PROBLEM REQUIREMENTS ▸
Look through the data below for the line with "MANOLO BLAHNIK pumps" and the line with "Heel: 4 in.", then transcribe exactly from the first through the second, leaving out all pictures.

TASK INPUT ▸
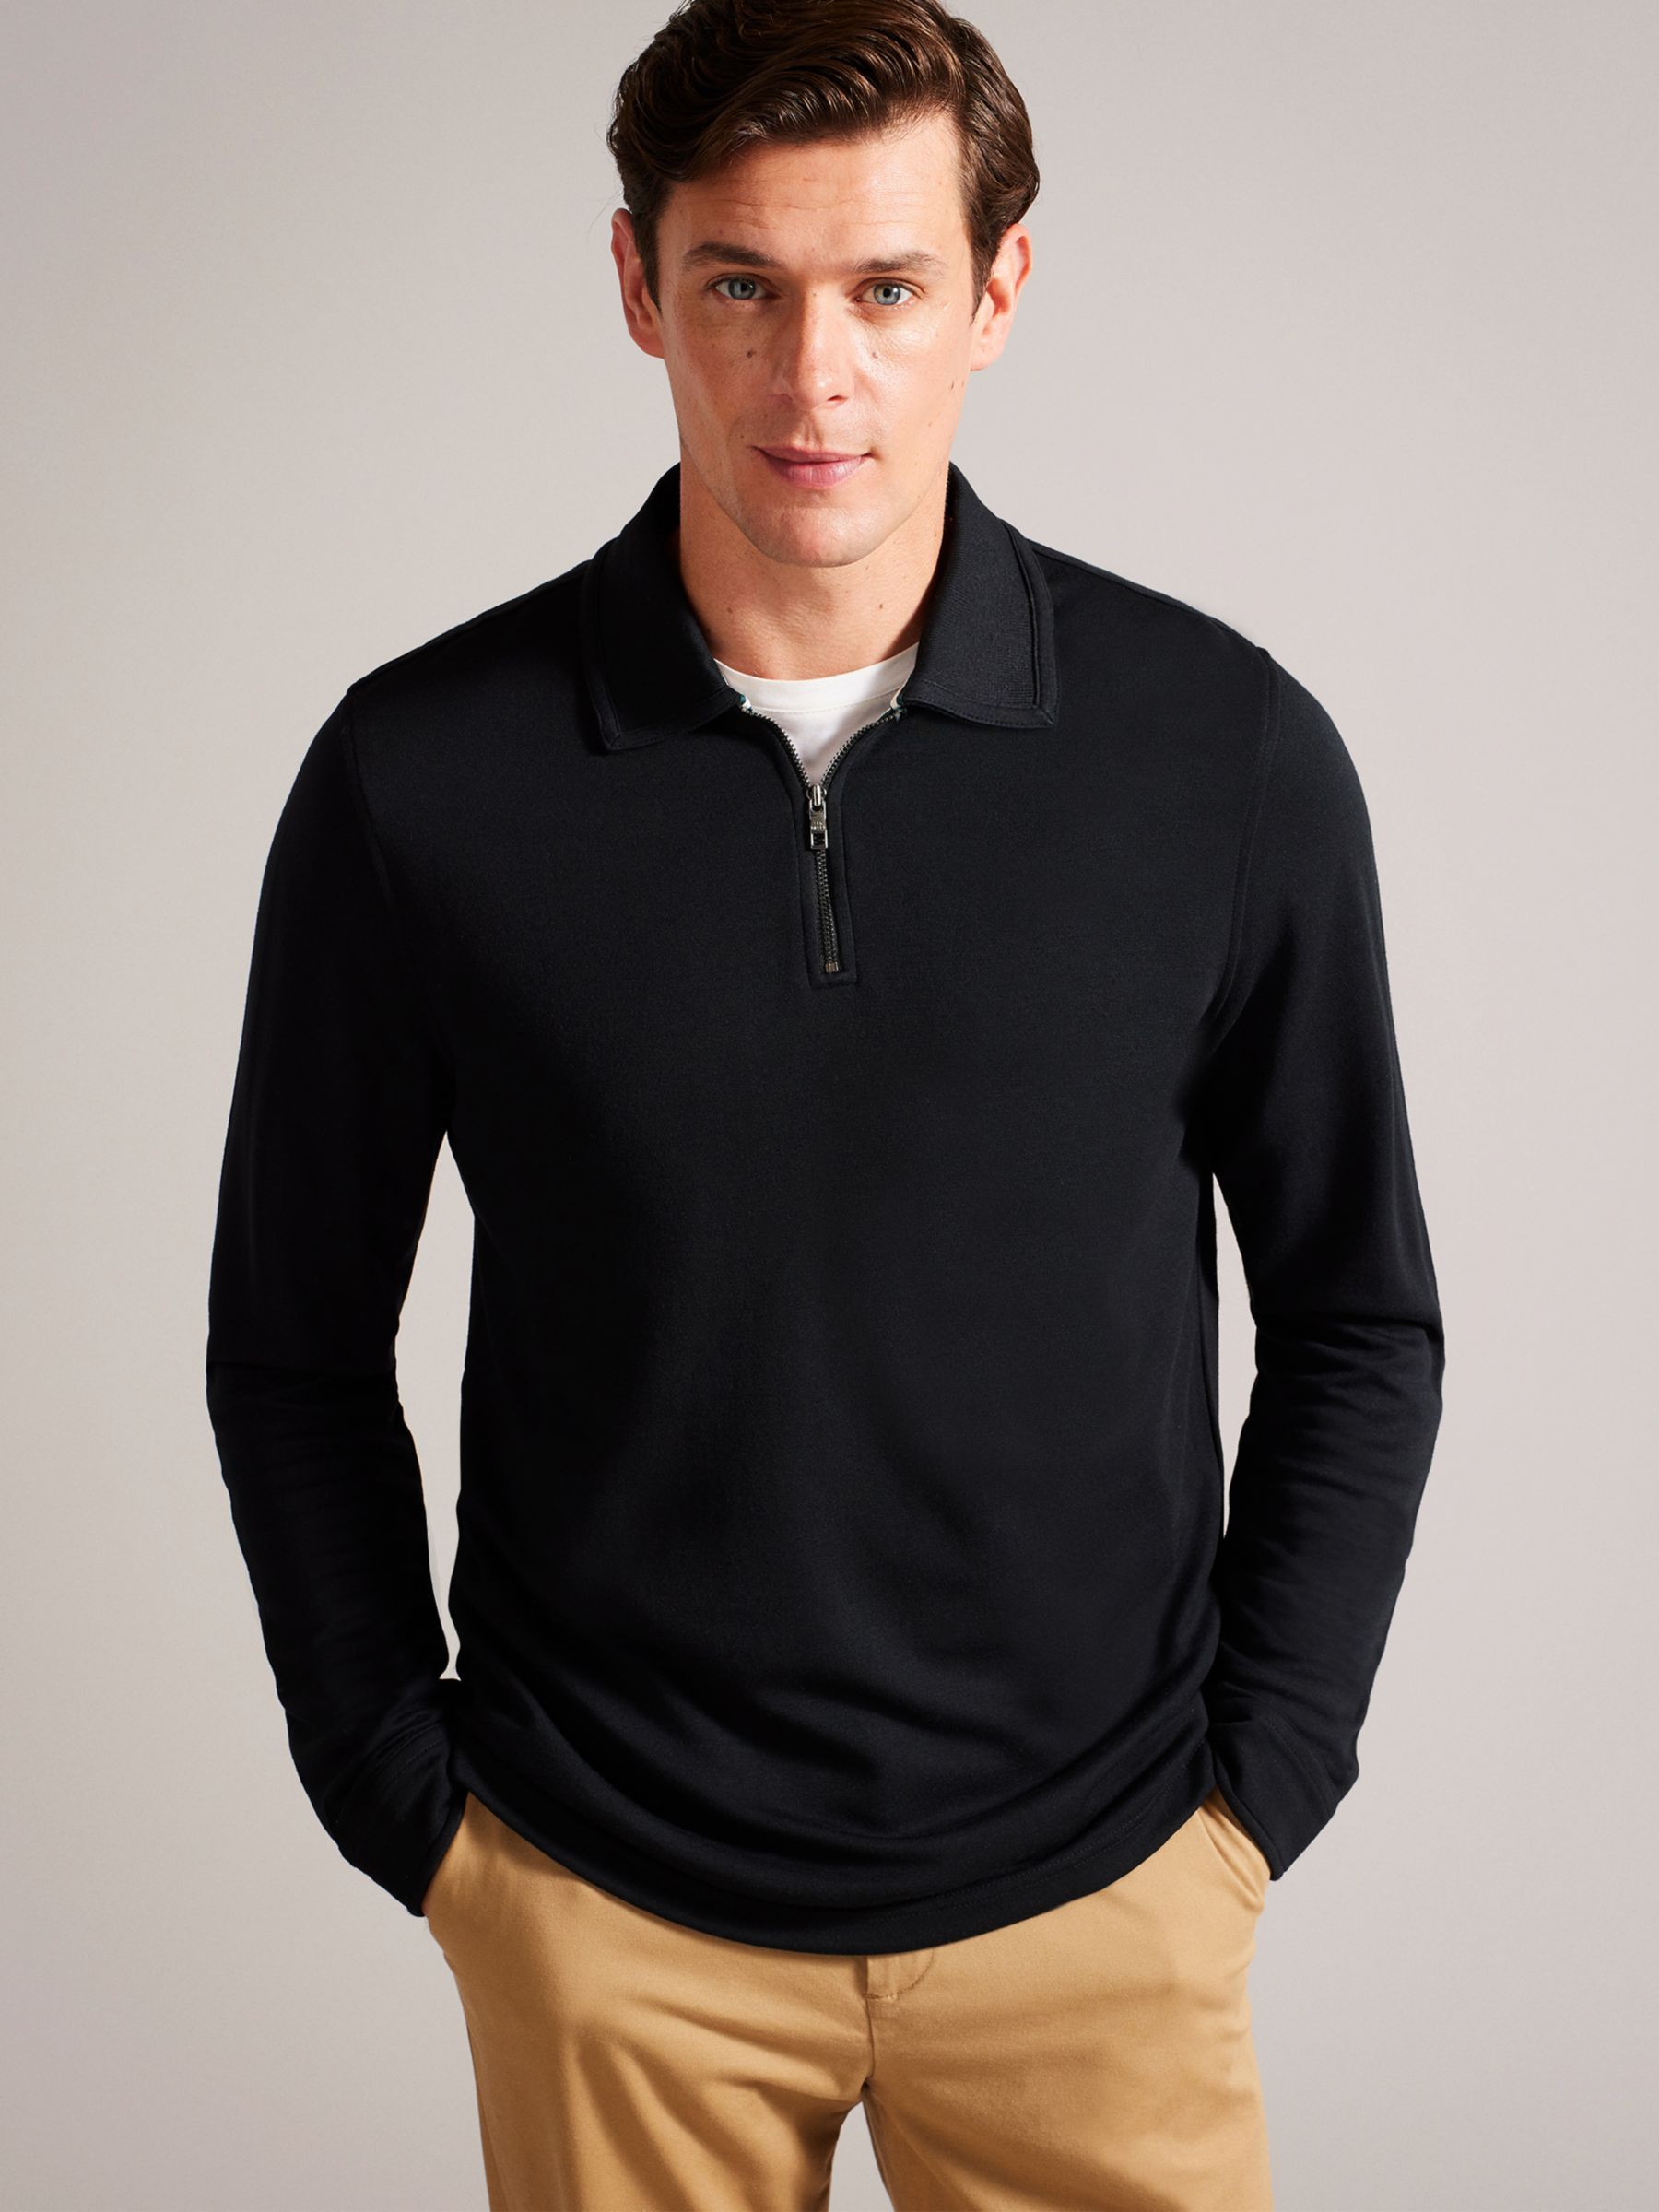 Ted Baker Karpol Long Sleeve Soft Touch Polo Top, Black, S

...

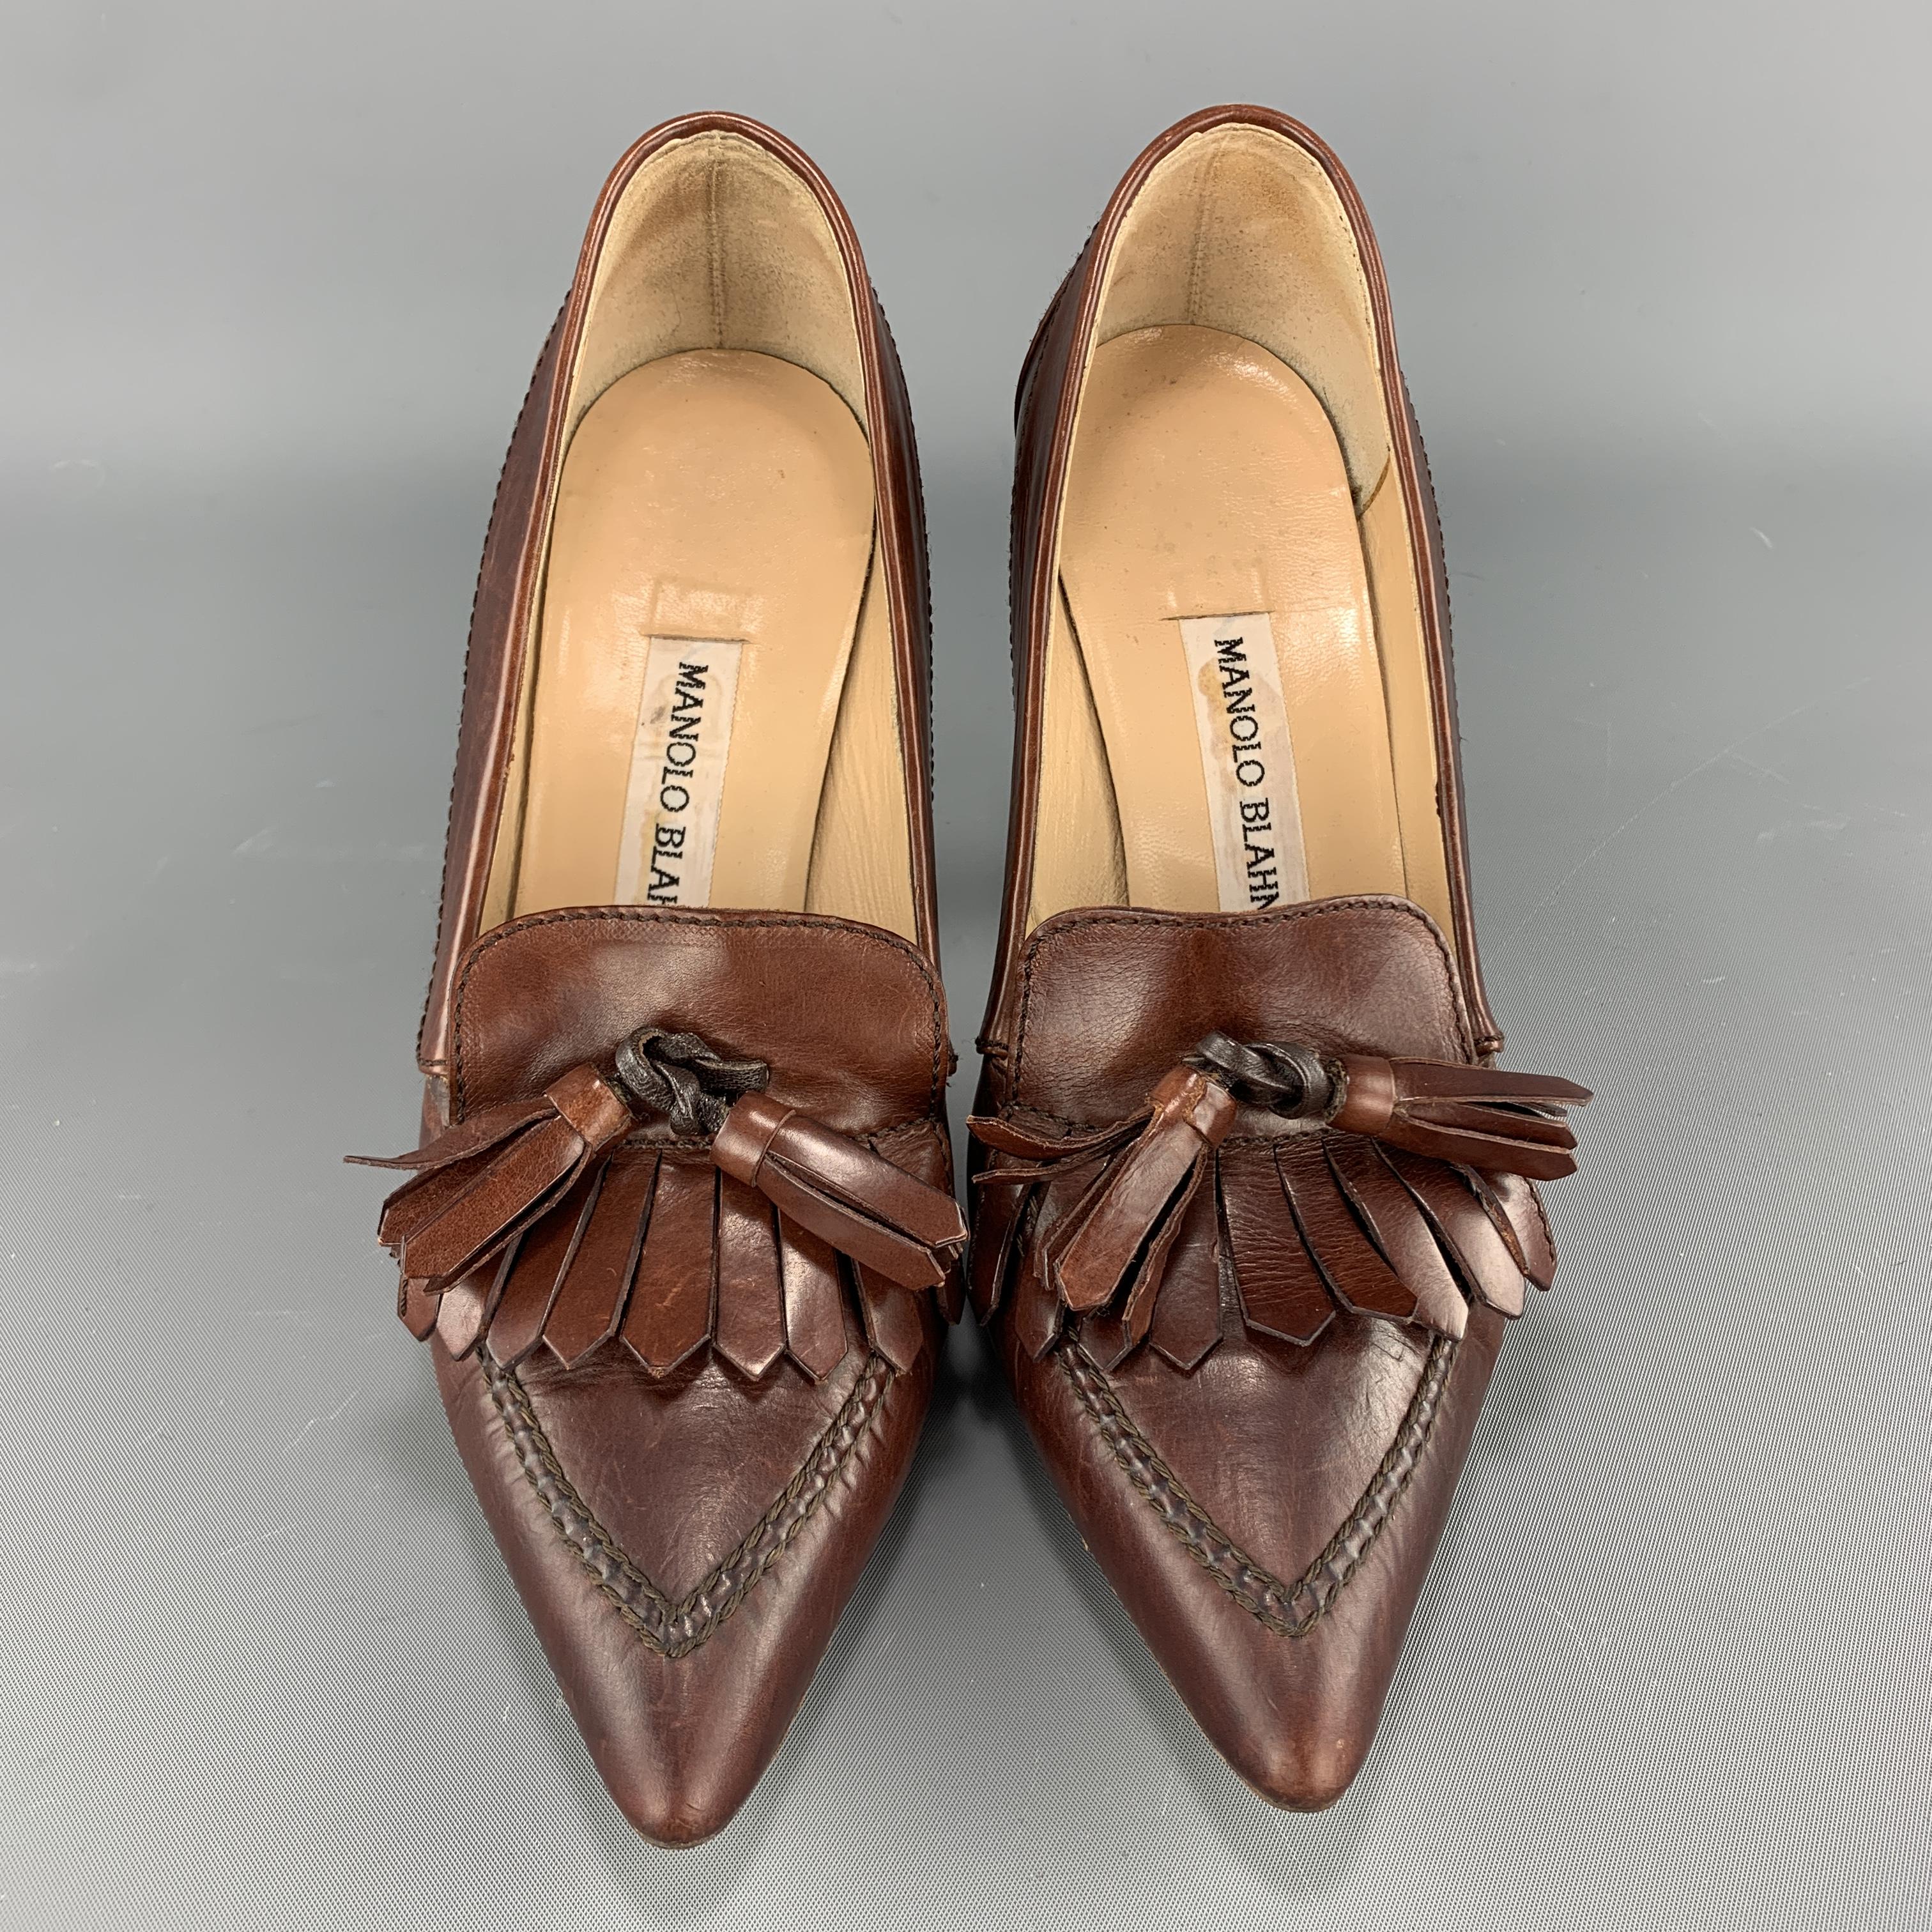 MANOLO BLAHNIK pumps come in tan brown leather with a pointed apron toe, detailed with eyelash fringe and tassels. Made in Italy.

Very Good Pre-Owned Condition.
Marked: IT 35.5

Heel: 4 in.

...

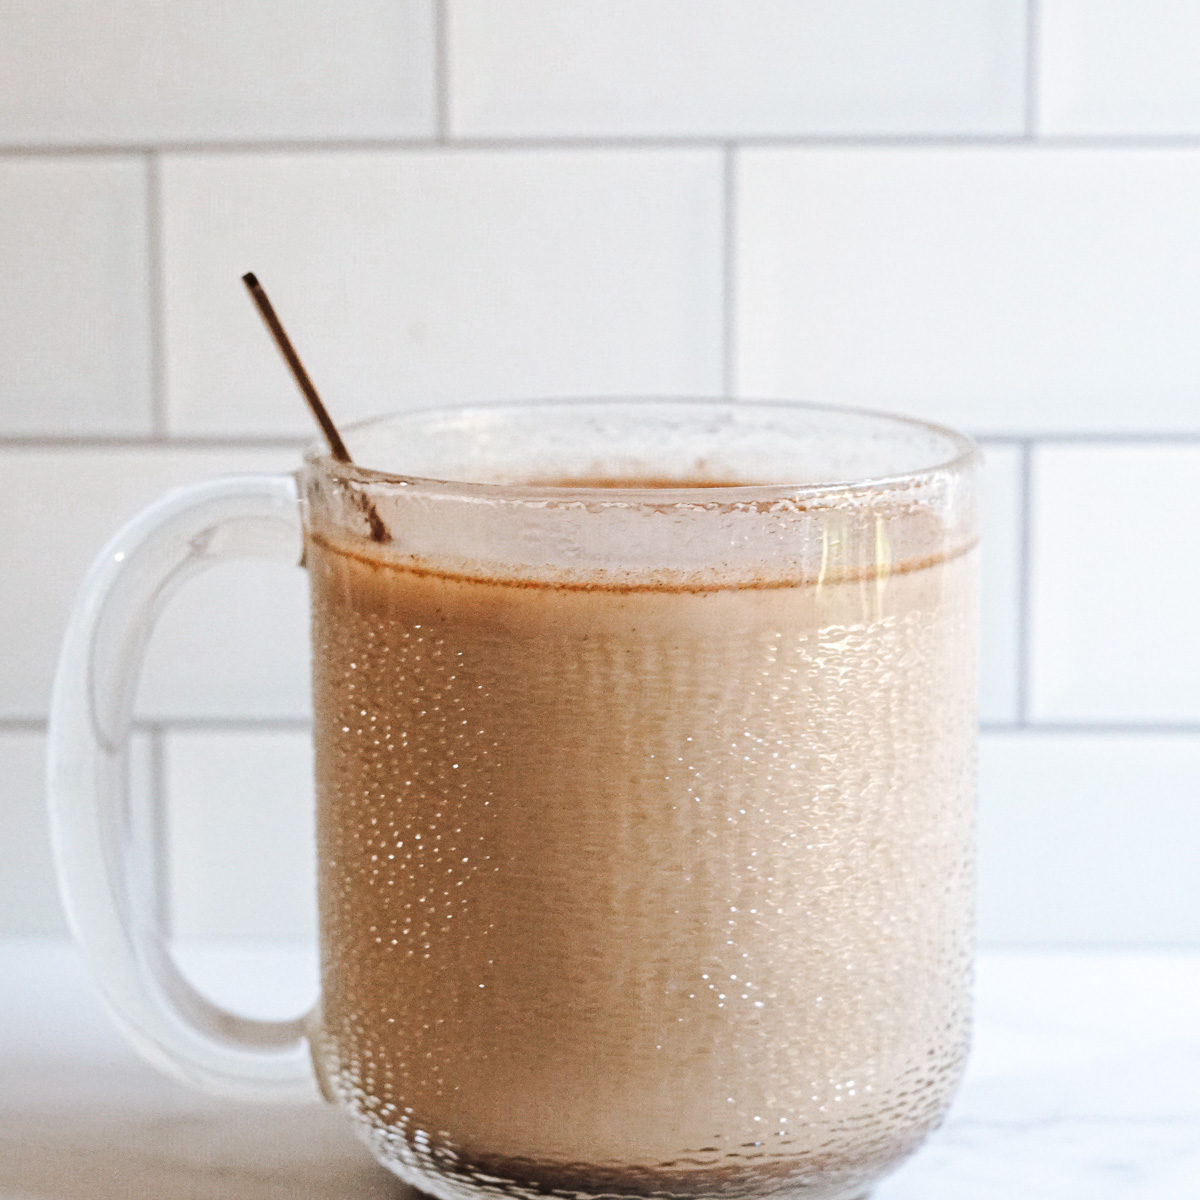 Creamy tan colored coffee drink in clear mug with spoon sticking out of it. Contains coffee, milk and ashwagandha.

RESPONSE ▸
 MANOLO BLAHNIK pumps come in tan brown leather with a pointed apron toe, detailed with eyelash fringe and tassels. Made in Italy.

Very Good Pre-Owned Condition.
Marked: IT 35.5

Heel: 4 in.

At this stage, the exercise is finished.